Алексей Макушинский - Макс
Зима заканчивалась; снег блестел на солнце; солнце вспыхивало на снегу: все более ясным, все более ярким, уже почти ослепительным светом; мороз, все усиливаясь, накрепко сковывая, странную неподвижность придавая деревьям, сугробам, самый воздух делая, наконец, неподвижным, стеклянным, мелкими льдинками опускался на землю, мелкими льдинками потрескивал под ногами; и казалось, что — вот, вот сейчас — все это оборвется, рассыплется, рухнет под собственной тяжестью… но все это еще держалось, сверкало, сияло, и он, Макс — как ни хотелось ему — а ему уже очень хотелось: бежать… забыться, рассеяться… пойти куда-нибудь в гости… почему бы и нет? — Макс, посреди этой яркости, крепости — щуря глаза и потирая замерзшие руки — еще упорствовал, еще не сдавался.
Нет, нет, он уже не верил в усилие; все снова и снова думал он, что это должно быть легко и получаться само собою… это трудное, редкое… как вдох или выдох.
И были, были, конечно, какие-то, всякий раз неожиданные — и всякий раз как будто сулившие, обещавшие что-то — нет, не длившиеся, конечно, по-прежнему — выпадавшие, конечно, из жизни, — но все-таки были, пусть краткие, редкие, всякий раз неожиданно ему, Максу, удававшиеся, дававшиеся мгновения, когда вдруг и как бы сама собою, с чудесной ясностью, в чарующем промежутке, виделась ему, скажем, река, скажем, мост, блеск солнца, блеск снега, без всяких усилий.
И было — при всем напряжении, упорстве — вопреки ли, благодаря ли ему — было и что-то совсем иное, пожалуй, что-то тихое, затихающее в этих днях и неделях, неделях и днях, что-то тайное, потаенное, затаившееся… медленно, медленно — сквозь все прочее и все остальное — сквозь блеск и сияние — напряженье, упорство — яркость и крепость — проступали очертанья каких-то, далеких и очень далеких, забытых и совсем забытых времен; все глубже и глубже проваливался он в свою жизнь; все дальше и дальше уходил он куда-то, по каким-то, как будто впервые открывавшимся ему, Максу, дорогам: они же, пересекаясь и путаясь, все чаще и как будто с разных сторон, из более раннего, из более позднего, подводили его к тому дождливому, холодному и темному августу, когда мы встретились с ним: к этому краткому, единственному, между уже и еще, между концом и началом затерянному мгновению; впервые в жизни, быть может, он почувствовал в нем что-то загадочное, с тех пор, быть может, утраченное, быть может — невозвратимое; впервые в жизни, быть может, он спросил себя — что же: что же было тогда, в августе, в начале всего?.. Он сам не знал, может быть, что тогда — было.
— Был дождь, был холод, туман… падение капель, дрожание листьев… и это чувство внезапного, чудесного пробужденья… и это осеннее, робкое, радостное, с тех пор, быть может, утраченное… да, утраченное, быть может, ощущение — жизни: забредшей — куда-то, заблудившейся и затерявшейся — где-то, среди деревьев, в тумане и холоде.
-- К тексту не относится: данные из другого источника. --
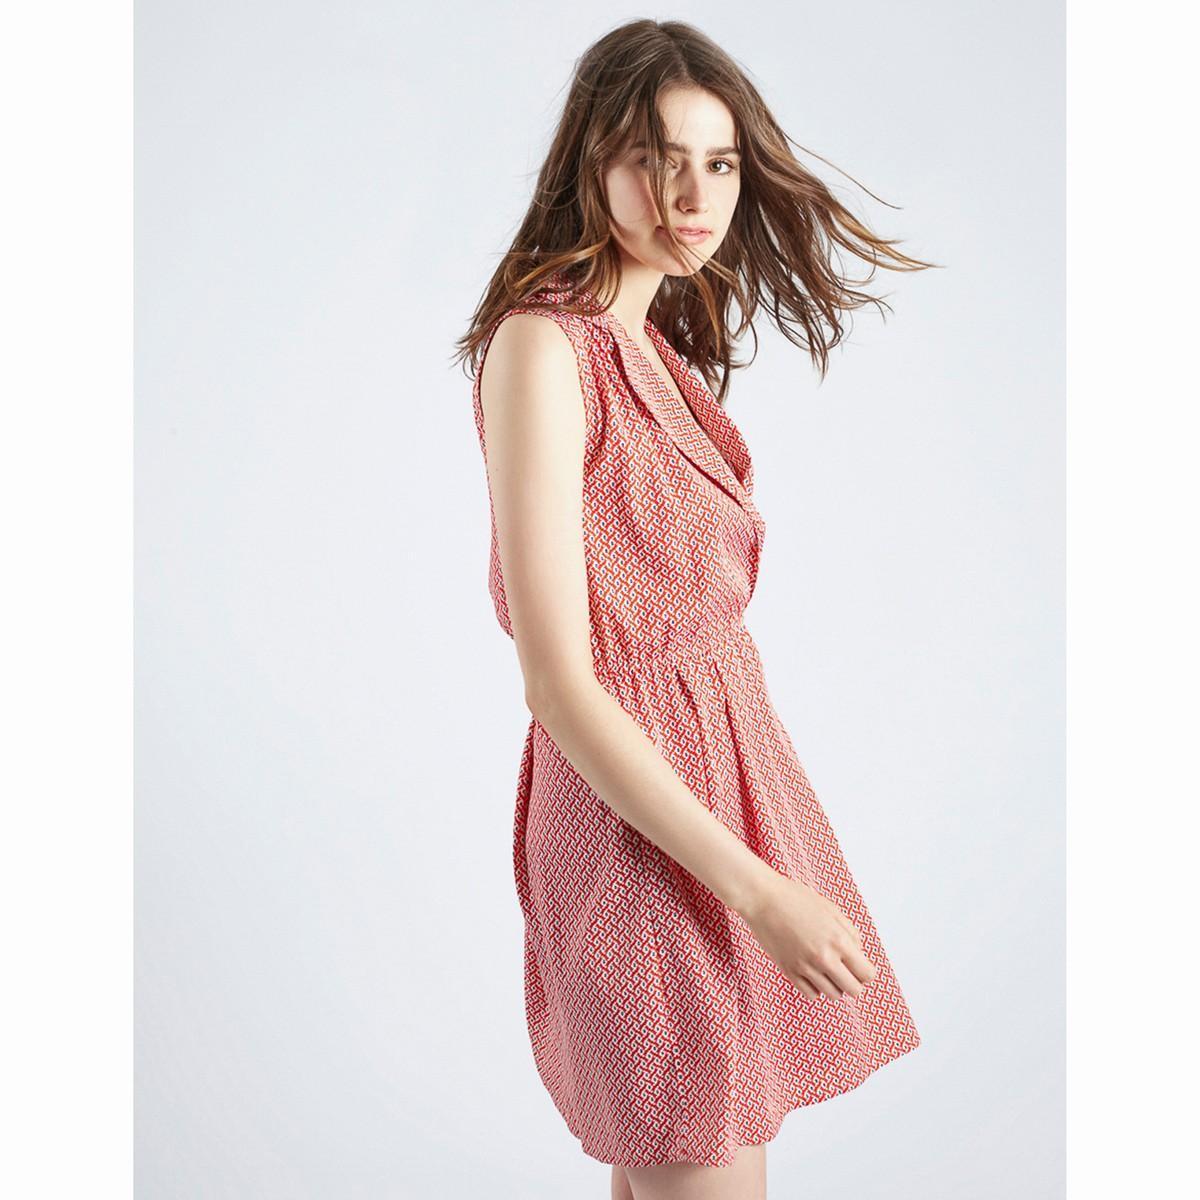 Lyst compania fantastica robe sans manches evasee imprimee for Robe rouge évasée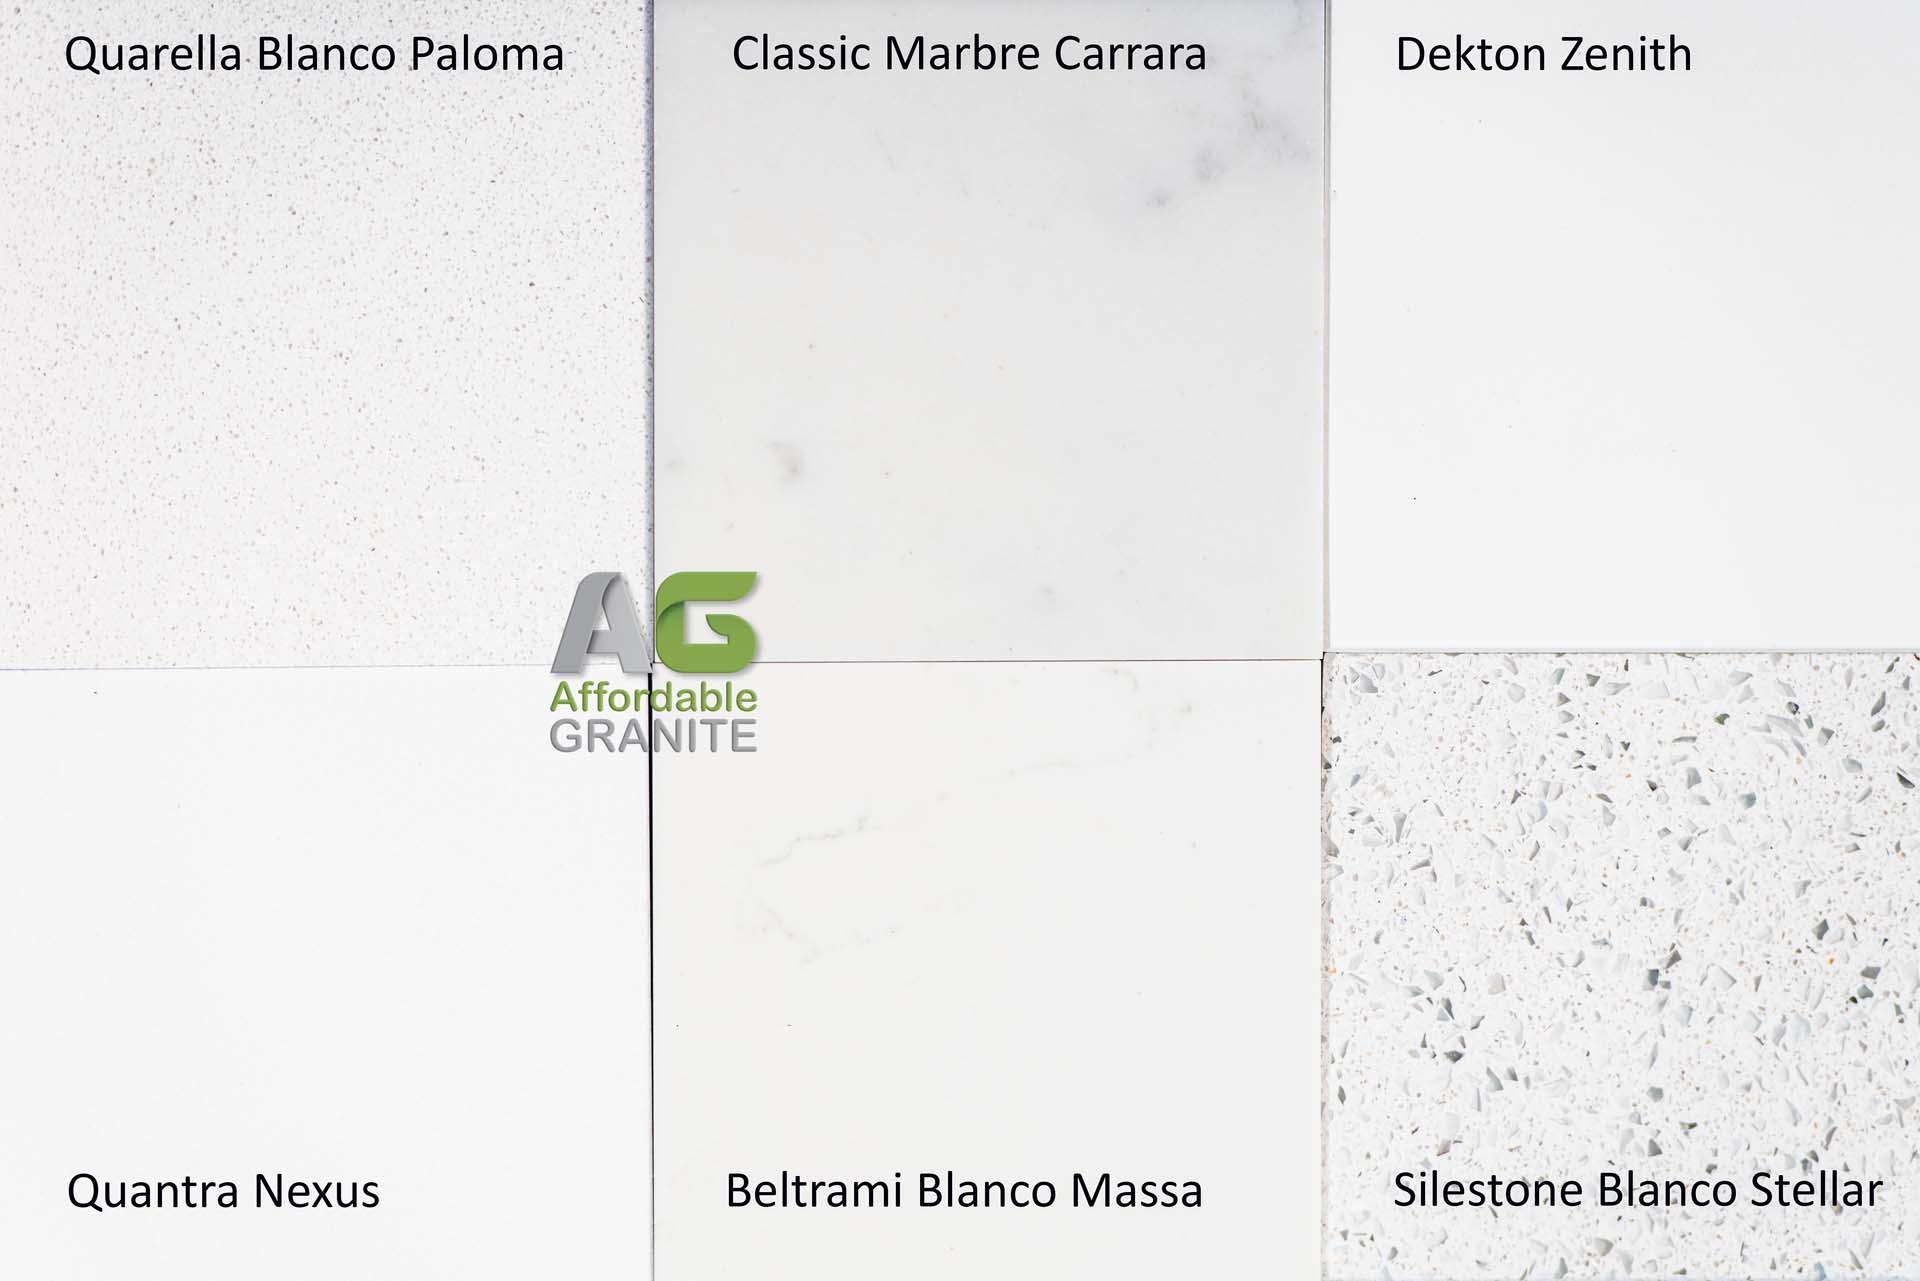 150430 quarella blanco paloma classic quartz marbre carrara dekton zenith quantra nexus beltrami blanco massa silestione blanco stellar

И что-то скрывалось, что-то словно таилось там, в этом холоде и в этом тумане — он сам не знал что — но что-то словно окликало его оттуда, из глубины этого далекого, дождливого и темного августа, звало и манило… и стоя, например, у окна, глядя, по-прежнему, вниз, во двор, где уже сгущались, может быть, сумерки, и не в силах пробиться сквозь скованный холодом воздух, свет какого-нибудь, например, фонаря казался большим, стеклянным, светящимся шаром вокруг другого, поменьше, такого же, — Макс, в эти дни и недели, недели и дни (еще, все-таки, длившиеся…), и уже понимая, как сказано, что долго они не продлятся, — уже понимая, быть может, что, не выдержав, он очень скоро оставит усилия, бросит старания, и что как только он бросит их — случайное, внешнее, легкое, пускай лишь на какое-то время, захлестнет его целиком и заполнит его без остатка, — и уже стремясь, в общем, забыться, рассеяться, — пойти куда-нибудь в гости, — но еще упорствуя, еще, все-таки, не сдаваясь, — Макс, в эти дни и недели, пытался вспомнить, пока не поздно, что же все-таки было тогда, в августе, в начале всего, и вспоминал, разумеется, дождь, холод, туман, внезапное пробуждение, призыв, впервые услышанный… и по-прежнему глядя в окно, видел те, какие-то, дачные улицы, дома, крыши, заборы, видел лес, просеки, видел станцию, магазин возле станции, и по разным дорогам к нему приближаясь, как будто обходил его, все снова и снова, этот замкнутый в себе мир, где мы жили каждое лето, когда-то, где мы в последний раз жили с ним в августе, который, в августе, разомкнулся… этот, иными словами, всего в каких-нибудь сорока минутах езды от города — на так называемой электричке — расположенный дачный поселок, который он, Макс, помнил, конечно — как и я его помню, теперь — наизусть, и в котором каждый дом, каждое дерево, все изгибы всех тропинок в лесу как будто хранили в себе и сквозь все изменения, превращения и переходы, позднейшие времена, как будто доносили до него, Макса, и что-то от того августа, когда мы встретились с ним, и что-то от той, уже совсем сказочной, призрачной, уже невообразимой более жизни, которая как раз и закончилась — в августе. И внезапное, безнадежное, горестное, но вместе с тем и в то же самое время как будто примирявшее его с чем-то, с самим же собою, влечение — ко всему этому охватывало его; и — где же все это? спрашивал он себя, куда же… куда же все это делось? и как же могло случиться, что он, Макс, так странно запутался и в таком раздоре оказался вдруг с самим же собою?..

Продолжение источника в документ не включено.